Armitage was stunned. ‘What? At the same time?’

‘Ah. That much I can’t say. Consecutively – certainly; simultaneously or orgiastically – who knows? Audrey didn’t go in for titillating details of that nature. She was very direct.’

‘All the same,’ said Armitage, understanding dawning in his voice, ‘I can see why Miss Blount shied away from taking the lid off all this in front of a mixed audience. Good Lord! Dirty old devil! Well, who’d have thought it! I mean, I quite fancied her myself. The Dame, I mean.’

‘Many men did,’ said Westhorpe coldly.

‘But she looked so . . . so . . . female . . . I mean . . .’ Armitage was still struggling to reassess the Dame’s allure.

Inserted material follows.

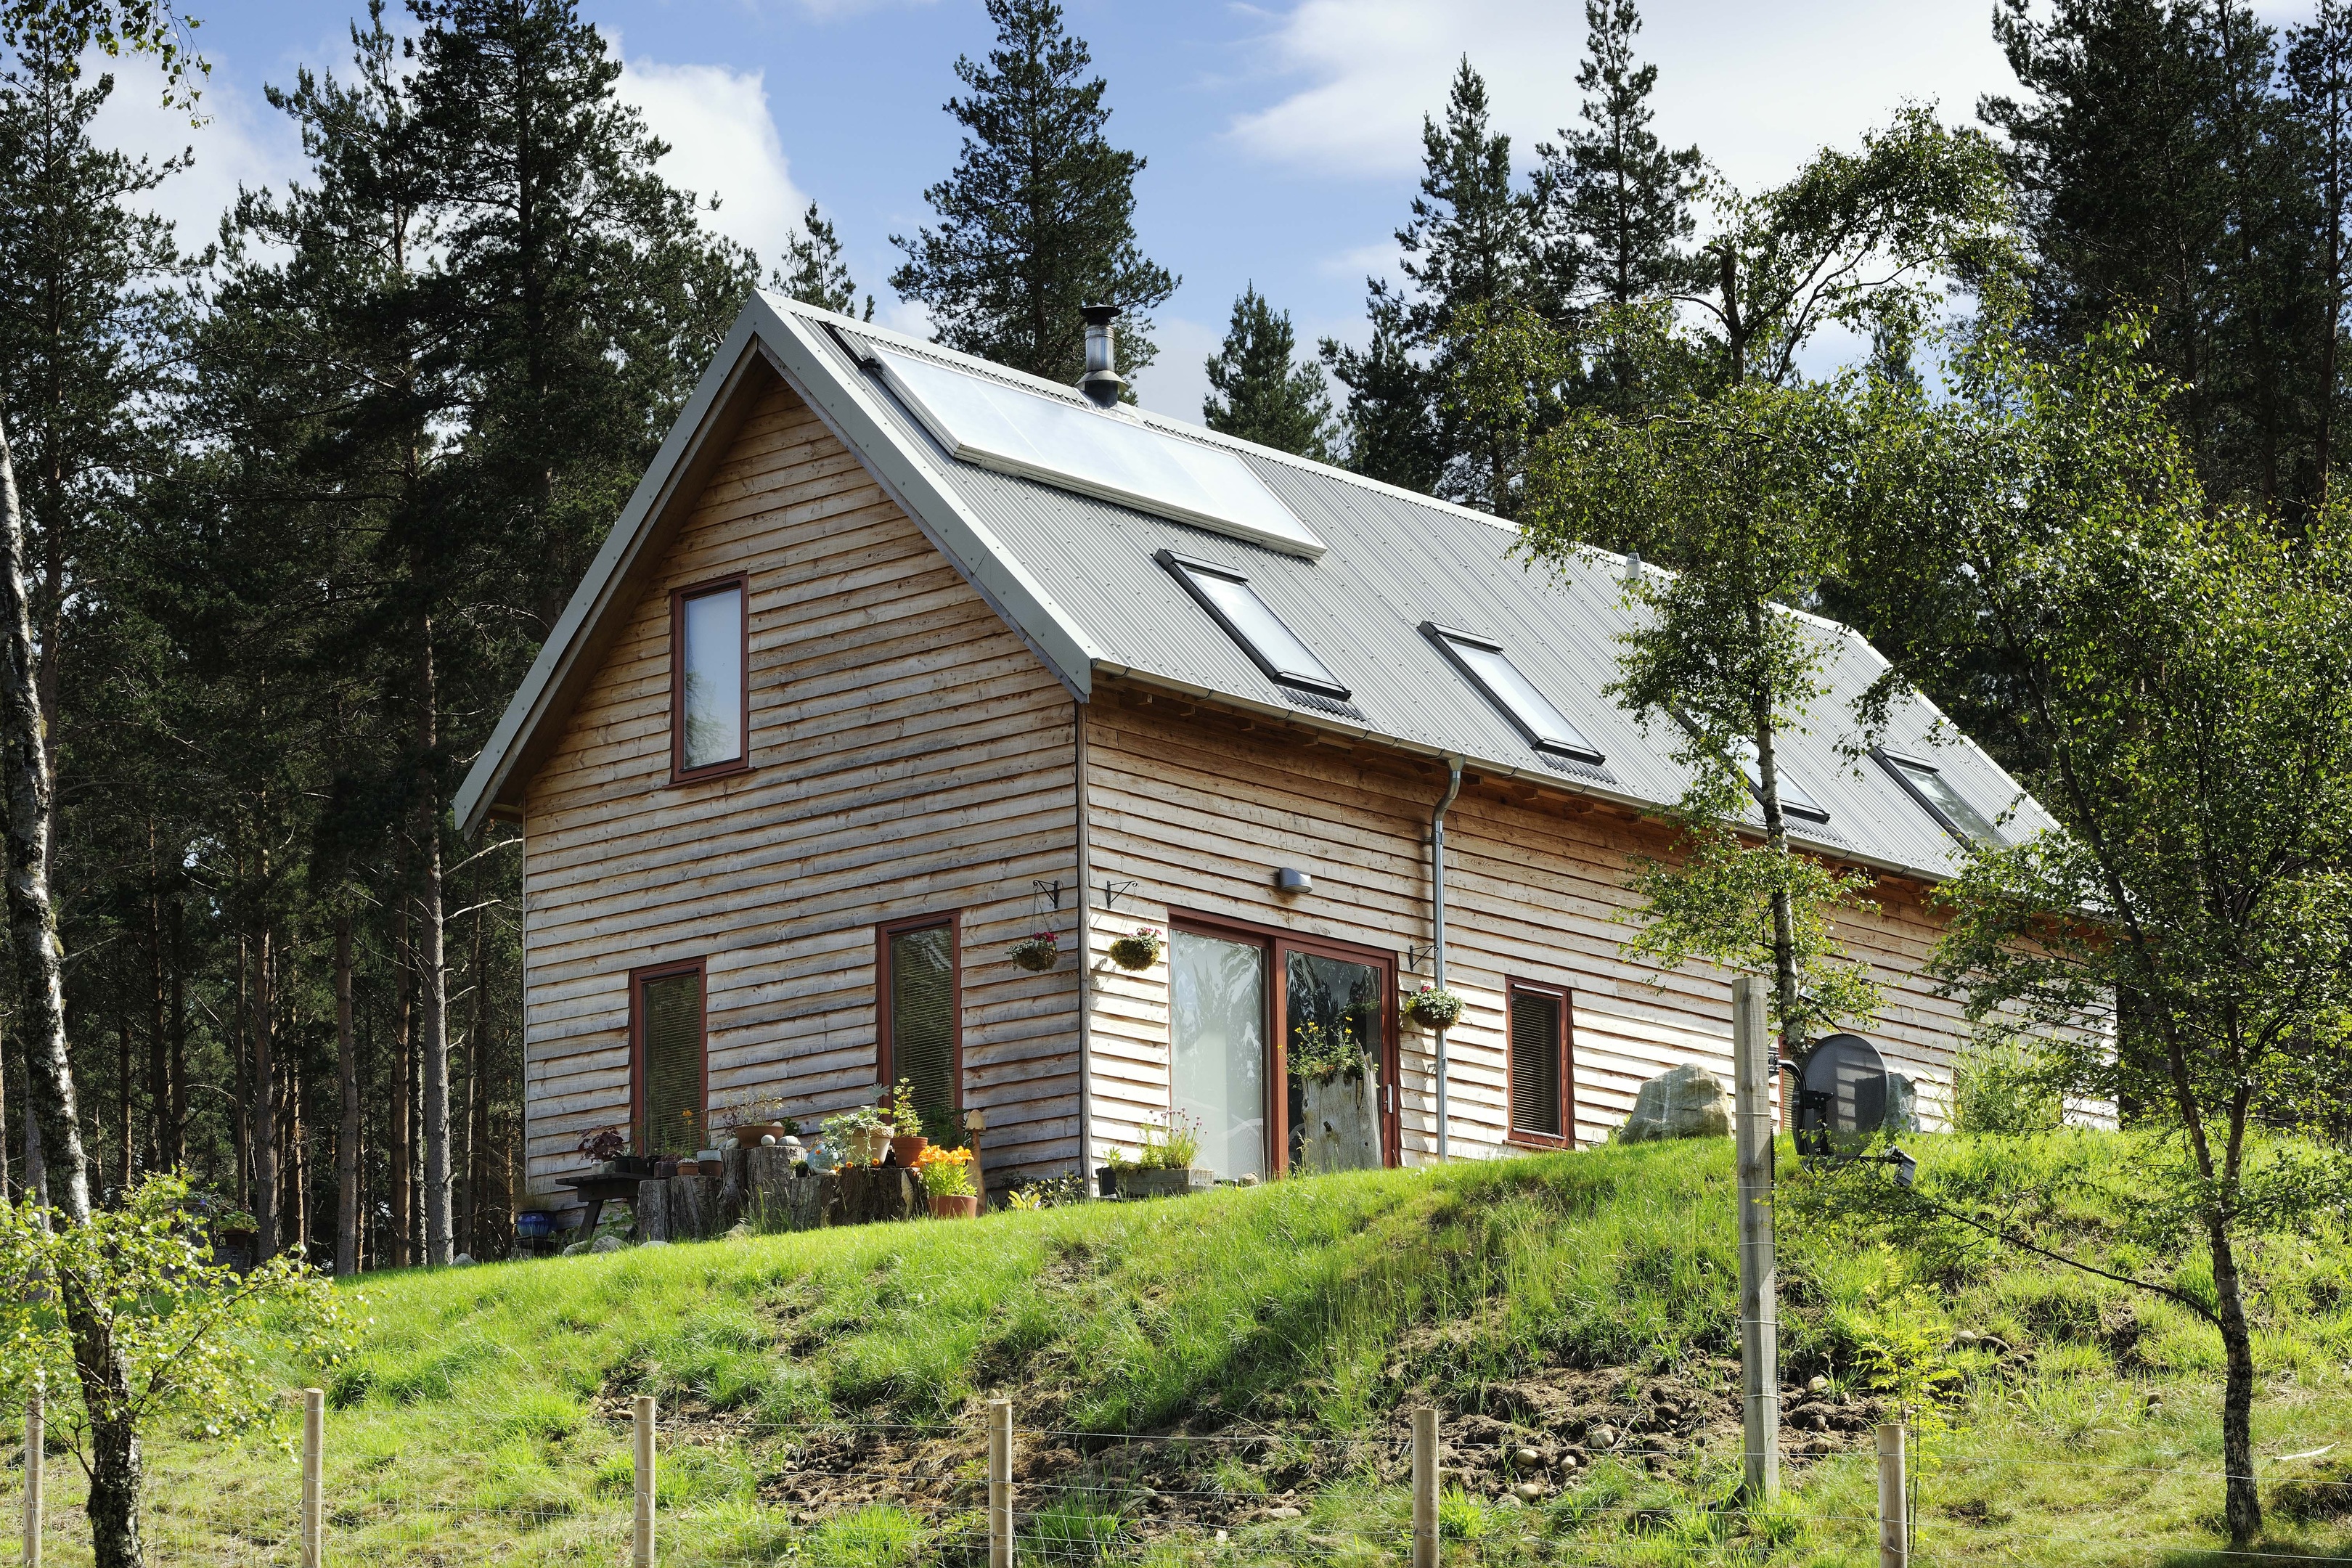 Loans of up to £175,000 are now available to help people build their own homes in the Highlands.

‘Well, of course she did,’ snapped Westhorpe. ‘I don’t believe women of this persuasion choose to go about looking calculatedly unattractive. If you were imagining a monocle-wearing Burlington Bertie from Bow, Sergeant, you would be way off beam. That’s all very well in the music hall but I’ll bet when Ella Shields has taken her last curtain call she puts out her cigar, unscrews her monocle and climbs into something short and silky to go home to her husband. I don’t believe transvestitism,’ she stumbled over the word, ‘should be confused with inversion.’

‘No indeed,’ said Joe, trying to keep a straight face. He was playing with the outlandish picture of a crop-haired female in ginger plus-fours in the tattooed arms of a chief petty officer. ‘But tell us, Westhorpe, was any mention made of her male lovers?’

‘Her principal male lover was what Audrey called “her bit of rough stuff”. An ex-naval man. The Donovan that her mother handed to us on a plate. Good-looking and plausible, according to Audrey, and he seemed to exert a strong influence over Beatrice. Though it could well have been the other way round, don’t you think? They were, at all events, closely associated in dubious goings-on in London. She’s no idea what was involved.’